2.2 Fundamental research improved and reactor numerical simulation capability enhanced continuously

Nuclear safety analysis software is an important support for the design, construction, and operation of nuclear power plants. Powerful nuclear countries have paid significant attention to the research on nuclear safety analysis software in the process of developing nuclear power technology and have developed nuclear safety analysis software suitable for various scenarios. To verify the effectiveness of nuclear safety analysis software, large-scale integrated performance test platforms have been established (such as the BETHDY test platform of France, ROSA test platform of Japan, and APEX test platform of the University of Oregon in the United States [5]); these play an important role in the application and promotion of relevant software.

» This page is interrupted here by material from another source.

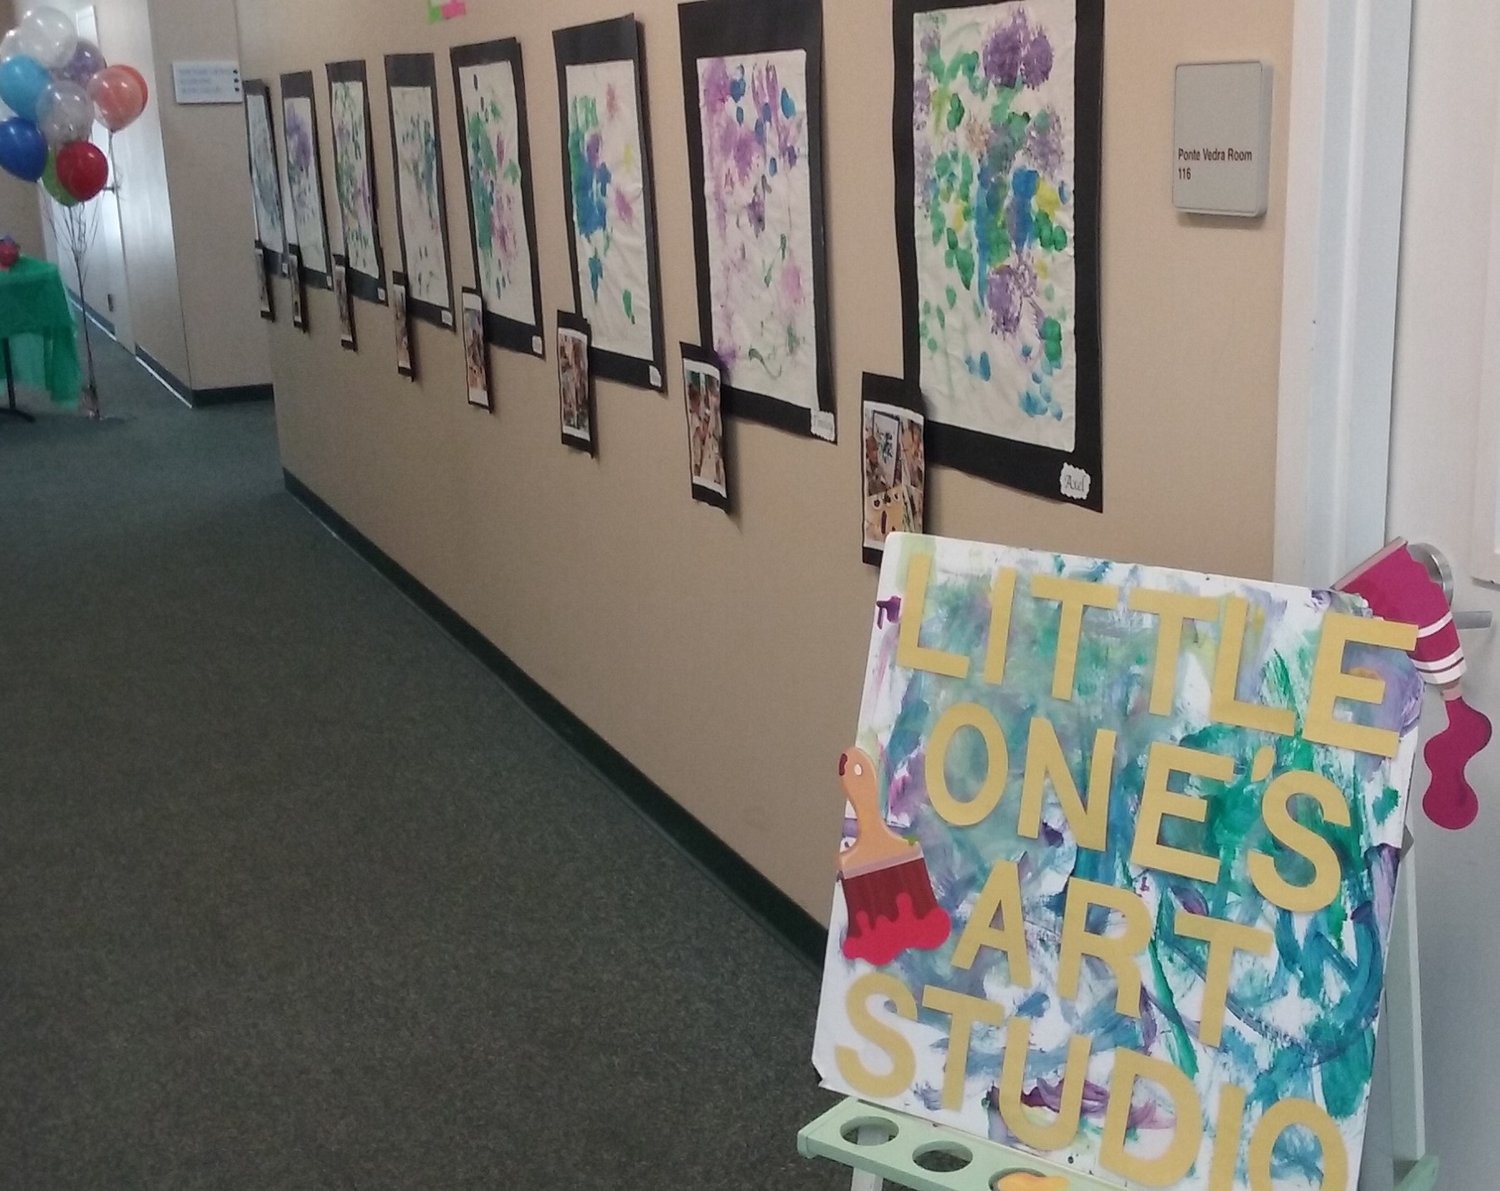 Children’s art decorates a hallway at the Promisetown Preschool Art Show.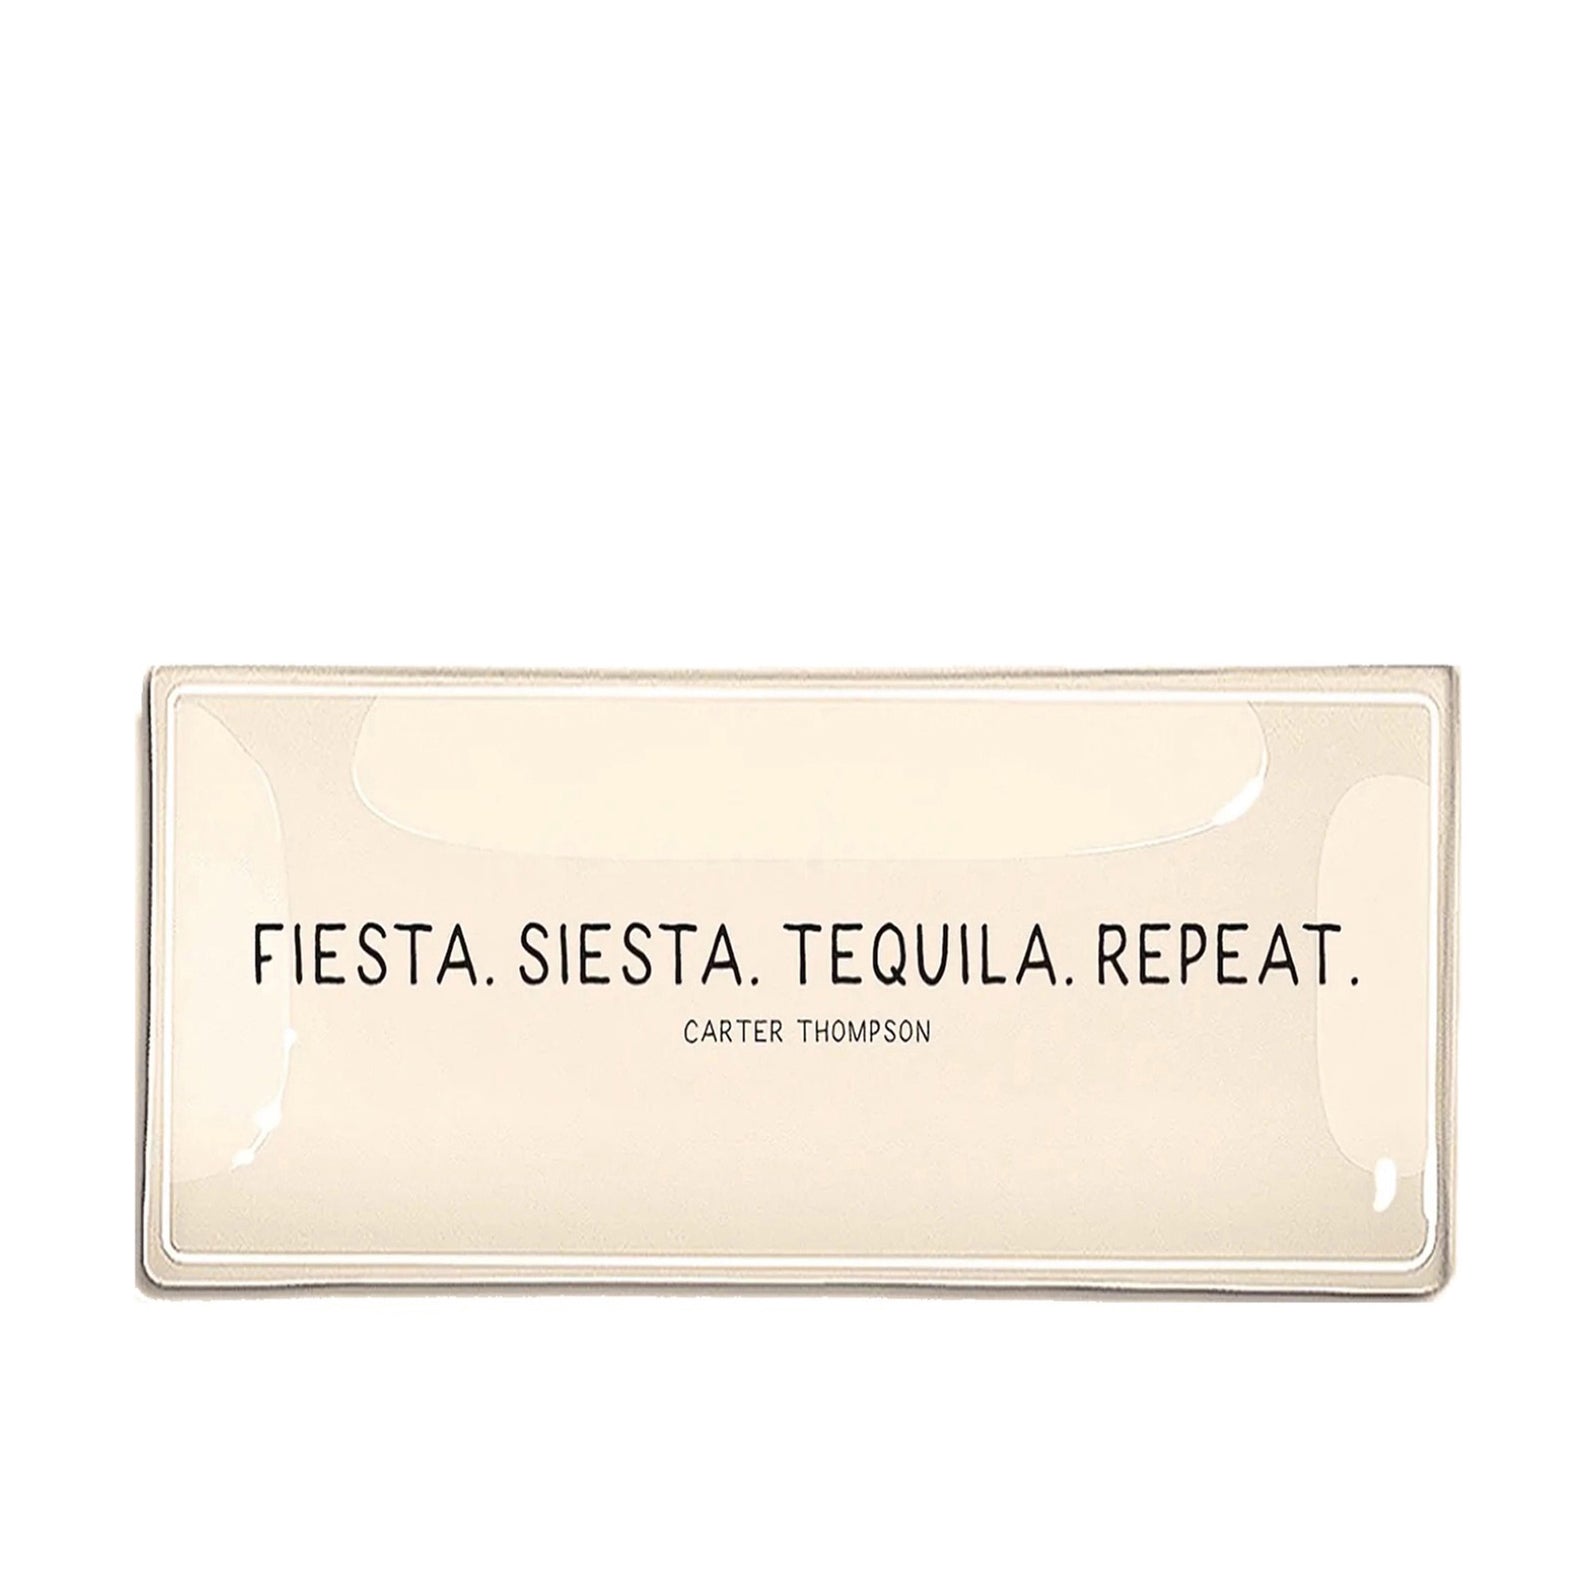 Glass Decoupage Tray - Fiesta. Siesta. Tequila. Repeat.

Fundamental research on accident phenomena, mechanisms, and algorithm theory has been significantly enhanced with more intensive studies on nuclear safety analysis software in recent years. By implementing successive projects such as NURESIM, SURISP, and NURESAFE, the European Union has improved the research level of advanced algorithm/modeling and supercomputer platform applications and formed a nuclear safety analysis software system with higher time and space precision with respect to reactor core physics, thermohydraulics, fuel performance, and irradiation performance of materials. In addition, the relevant institutes of the United States have completed the research and development (R&D) of high-precision nuclear safety analysis software with the support of the CASL program and the NEAMS project [6,7]. Benefiting from the accumulation of R&D experience and knowledge achievements in the past decades, the technology state and capacity of the nuclear safety analysis software have tended to be mature, and they play a key role in the design, safe operation, and accident prevention of nuclear power plants.

《2.3 Innovation capacity of nuclear safety equipment enhanced continuously and gaining the initiative in the market of advanced-precise-top nuclear safety equipment》

2.3 Innovation capacity of nuclear safety equipment enhanced continuously and gaining the initiative in the market of advanced-precise-top nuclear safety equipment

Based on the strong industrial base and the advantage of early development in nuclear power technology, the powerful nuclear countries represented by the United States have mastered a series of advanced technologies in R&D, design, production, verification, and maintenance of nuclear safety equipment and formed a complete nuclear safety equipment system by constant accumulation and expansion of independent intellectual property rights and key technologies. Through continuous optimization and improvement, the performance of equipment products has been improved significantly, and the accuracy and reliability have an absolute advantage, which enables these powerful nuclear countries to have the initiative in the market for precision instruments and key equipment. Taking nuclear instruments in a reactor as an example, U.S. and French enterprises have covered various subdivision directions after long-term development. Thermo Fisher has provided more than 650 neutron flux monitors for more than 130 nuclear power reactors in 16 countries or regions, and more than 130 neutron flux monitors for more than 30 research reactors worldwide [8].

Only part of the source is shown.